Но в этот раз я выступаю один. Концерт в красном уголке общежития метрополитена. В зале пять человек. Безразличные ко всему, что было и будет, лица. В зимних сапогах на сцену выходит ведущая «Москонцерта» Софья Вильчук: «Уважаемые товарищи, добрый вечер, здрас-с-сте! Начинаем концерт мастеров искусств», — говорит она с еще большей апатией, нежели у зрителей в зале. «Зимние сапоги» уходят со сцены, выходят «лакированные туфли» во фраке и баянист. Пожилой, потрепанный вокалист поет о счастливой любви. Зал уныло аплодирует. Певец кланяется — видно, что он взволнован. Красный уголок общежития метрополитена заполняют звуки баяна, и надтреснутый голос вновь поет о любви. На последних аккордах появляется Софья Вильчук и представляет немолодую оперную певицу. Несколькими минутами раньше руководство клуба любезно предложило ей переодеться в мужском туалете, поскольку общежитие сугубо мужское. Певица решительно отказалась от этой услуги. Она выходит на сцену в зеленой вязаной кофте, короткой плиссированной юбке и коротких сапожках на каблуках. Ее голос в маленьком красном уголке кажется сверхъественным, но в зале ничему не удивляются. Даже тому, что во время музыкальной исповеди начала XIX века через сцену в пальто и шляпах невозмутимо проходят, спускаются в зал и хлопают дверью баянист с баяном на плече и певец с костюмом и лакированными туфлями в руках.
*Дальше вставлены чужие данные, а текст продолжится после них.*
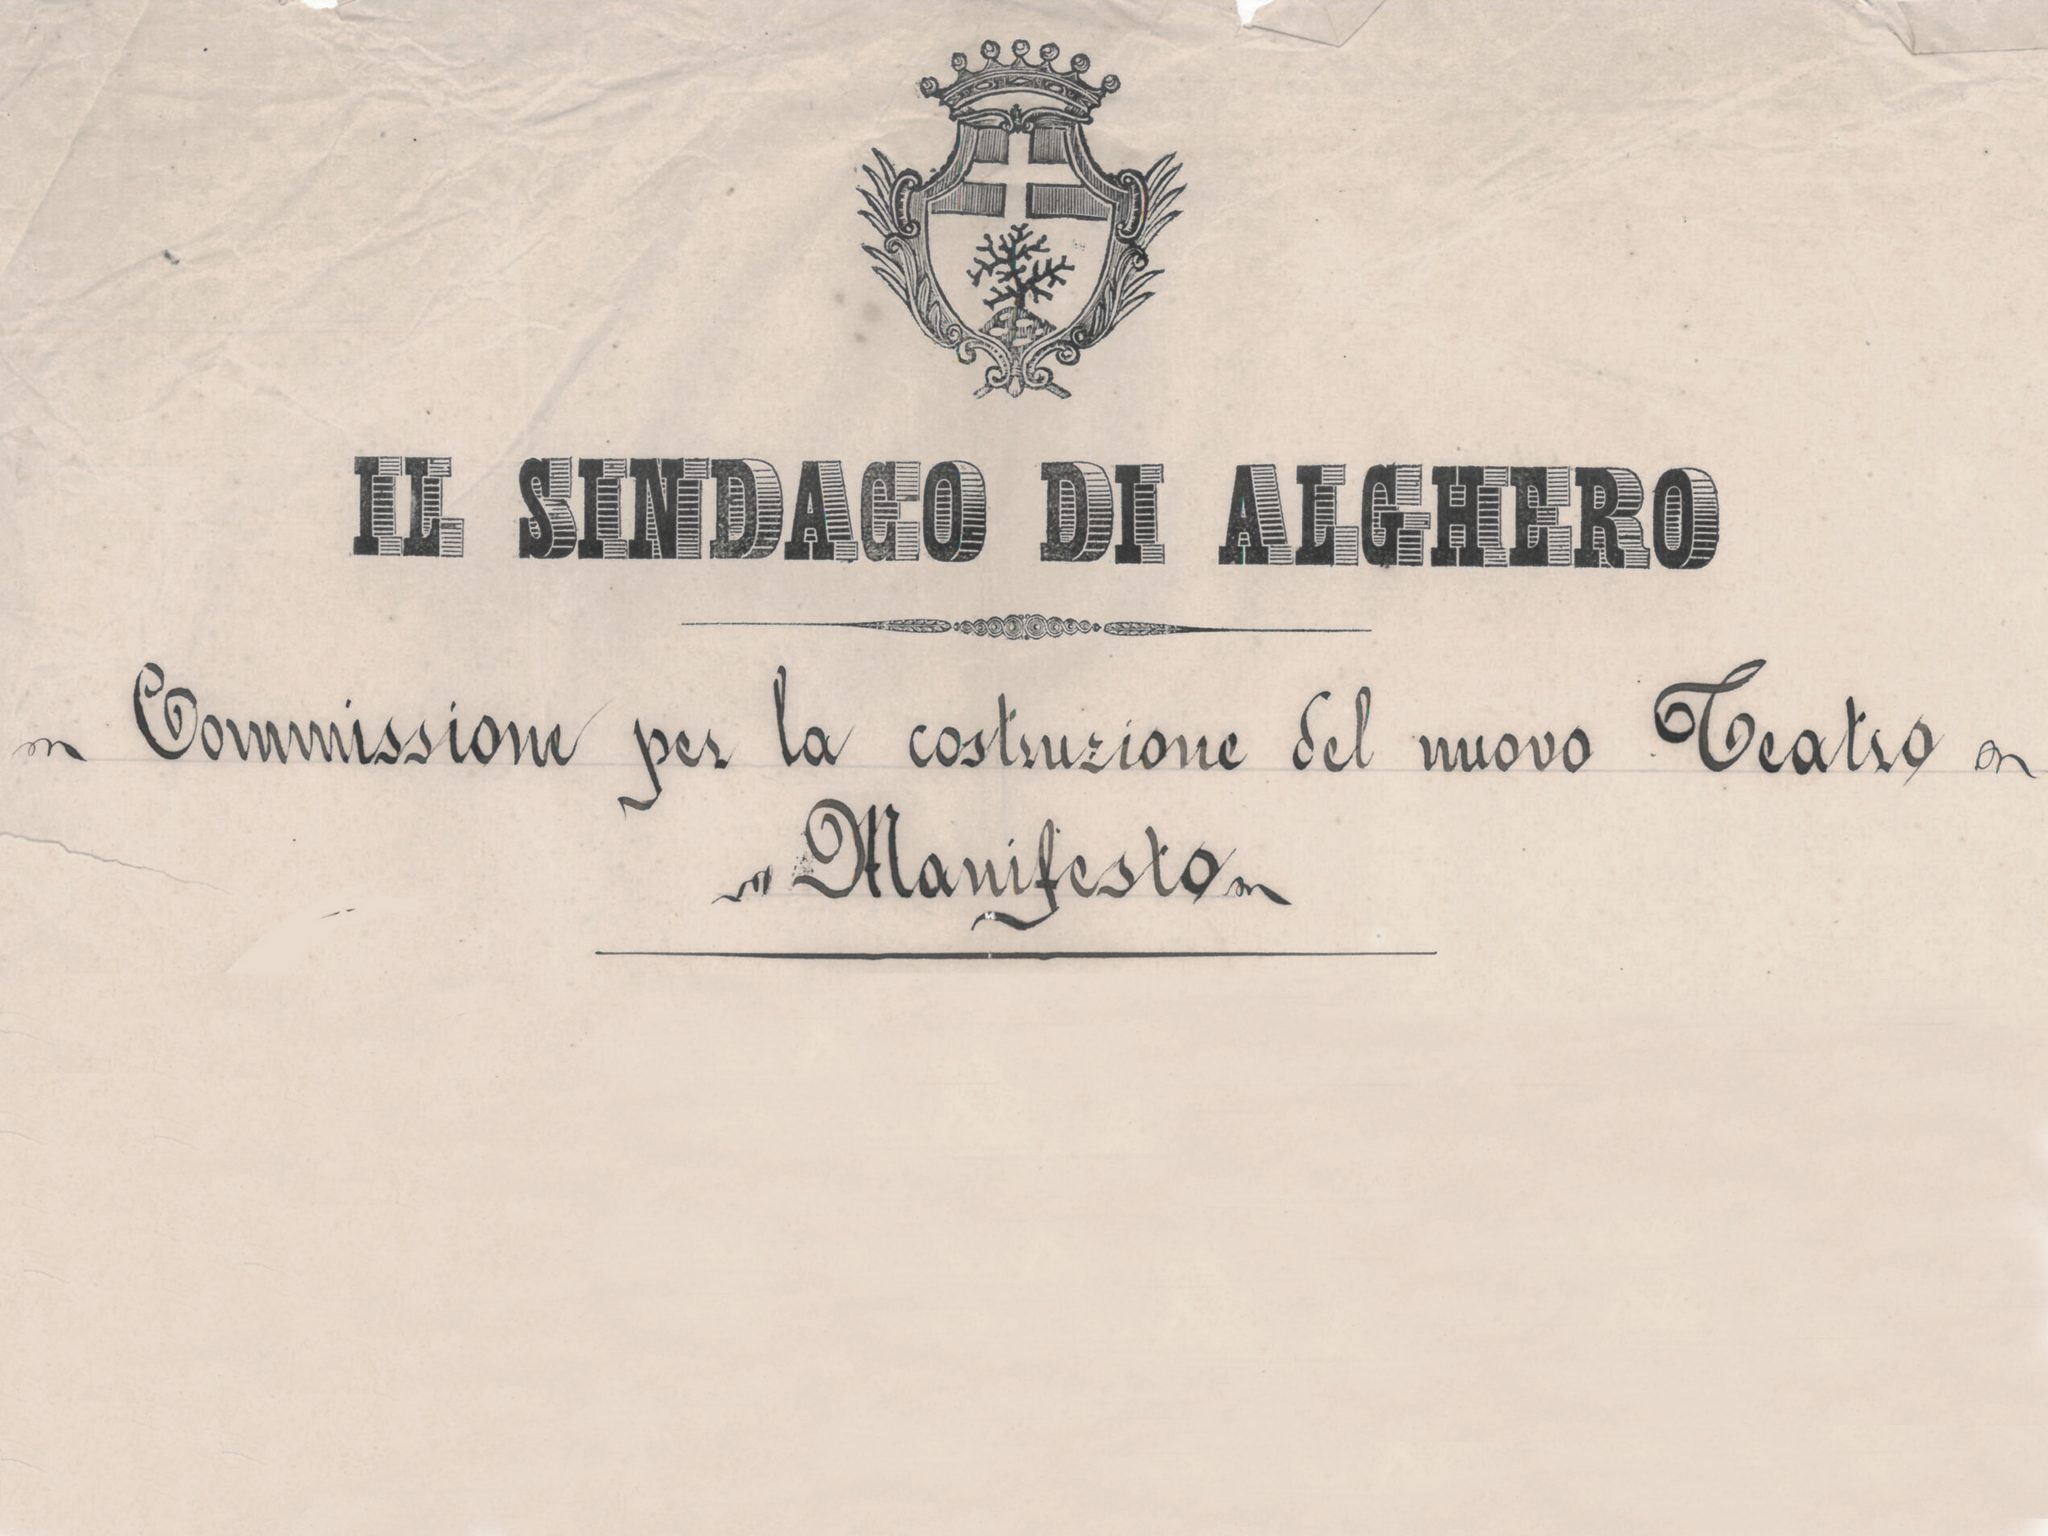 Manifesto per la costruzione del nuovo teatro. Archivio Storico Comunale Alghero.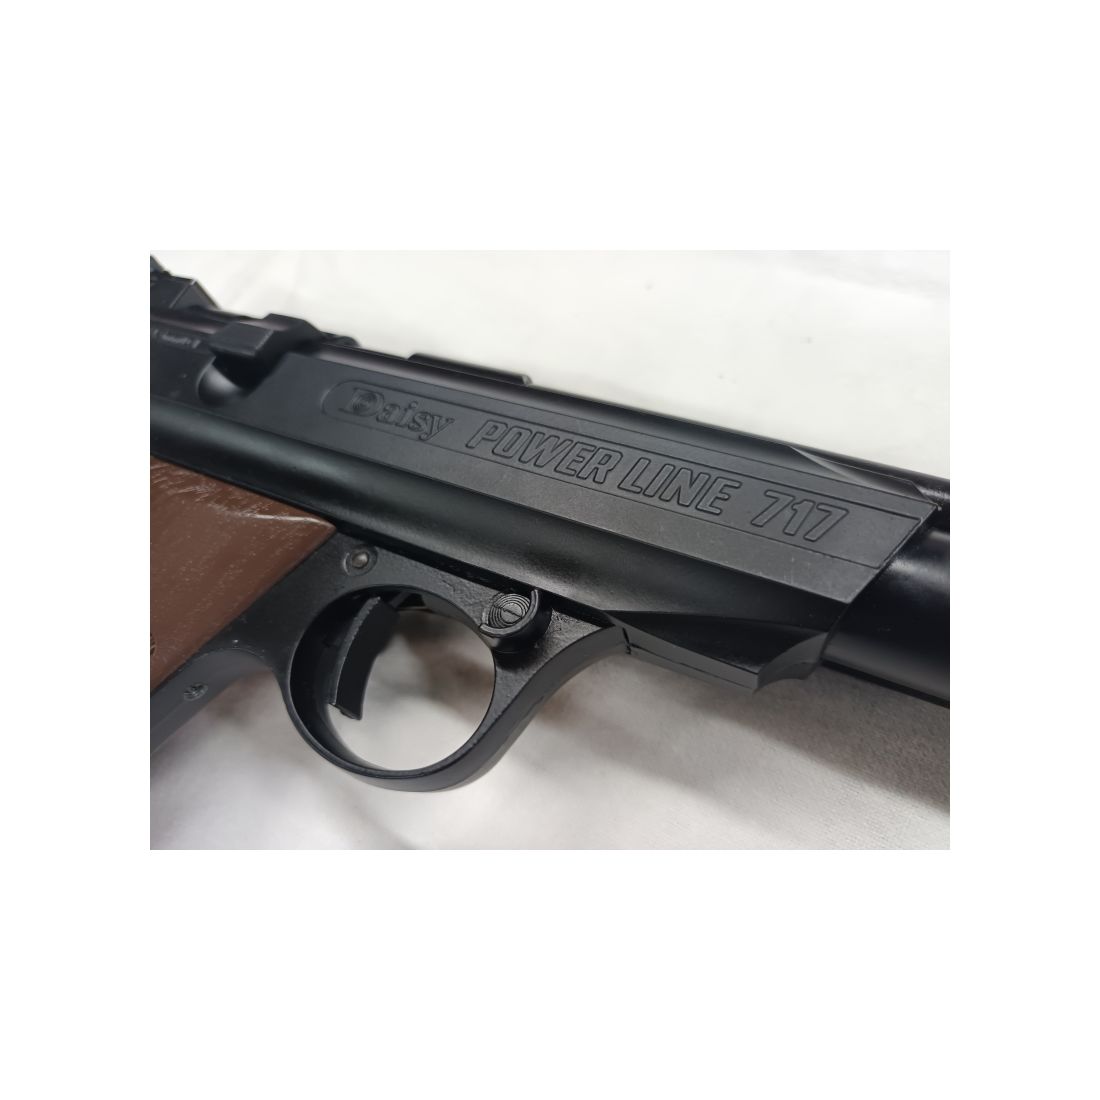 LUPI Daisy 717 Matchpistole LP Luftpistole Pistole 4,5mm/177 Seitenspanner - FRISCH ÜBERHOLTE WAFFE

«Следующий номер, — объявляет Софья Вильчук, — Секретарь партбюро театра имени Станиславского Леонид Зверинцев!» До выхода на сцену он мучительно решал проблему: надевать костюм или нет. Несколько раз он подходил к вешалке, растеряно смотрел на окружающих: «Ну, как же это? — повторял он. — Неудобно как-то…» «Да бросьте вы», — отвечали ему. Он отходил от вешалки и словно загипнотизированный возвращался вновь, спрашивал: «Ну, это же как-то?..» «Перестаньте!» — сердились на него, и более всех Вильчук.
И вот он стоит на сцене в джинсах с яркой заплатой на пикантном месте, в сапогах на каблуках и в джинсовой рубахе. Он читает стихи. В громком пафосе и напоре кувыркаются, падают с ног, ломают шеи Есенин, Маяковский, Фет… Он читает без переходов, без пауз. Поэты вновь сталкиваются лбами, а самым крепким остается лоб секретаря парткома театра.
В это время в зале идет своя жизнь. Последовав примеру певца и баяниста, двое зрителей выходят. Зато входят трое других, со всеми оставшимися обмениваются рукопожатиями. Единственный, кому не пожали руку, — чтец на сцене. И он, то ли обиженный, то ли исчерпав свой поэтический запас, уходит. С миной на лице флегматичный голос Софьи Вильчук объявляет: «Выступает артист театра имени Максима Горького („Максима“ она произносит так, будто в детстве возилась с ним в одной песочнице) Игорь Верник. Он исполнит литературно-музыкальную композицию по стихам погибших поэтов». Где погибших, когда и почему — она разъяснять не стала, впрочем, и зрителям это не требовалось. Температура воздуха за окном минусовая. На сцене от моего волнения — максимально плюсовая. В зале все это время — нулевая. Во время моего выступления Софья Вильчук одевается, и уже в пальто, проходя через зал, успевает объявить, что концерт мастеров окончен и до новых встреч, товарищи. 9 часов вечера, 15 октября 1986 года. И теперь 4 рубля 50 копеек ожидают меня в кассе филармонии в конце месяца.
1987
1989
Сегодня во время репетиции спектакля «Иванов» по Чехову у меня из рук выпали несколько страниц пьесы, упали на пол. Я тут же сел на них. Примета такая, чтобы текст не забыть и роль сложилась. Поднимаясь, я встретился глазами с Иннокентием Михайловичем Смоктуновским. «Знаете что, Игорь, — с мягкой, вкрадчивой, особенной его интонацией сказал он, — не надо суеверить, надо верить. Так мне кажется».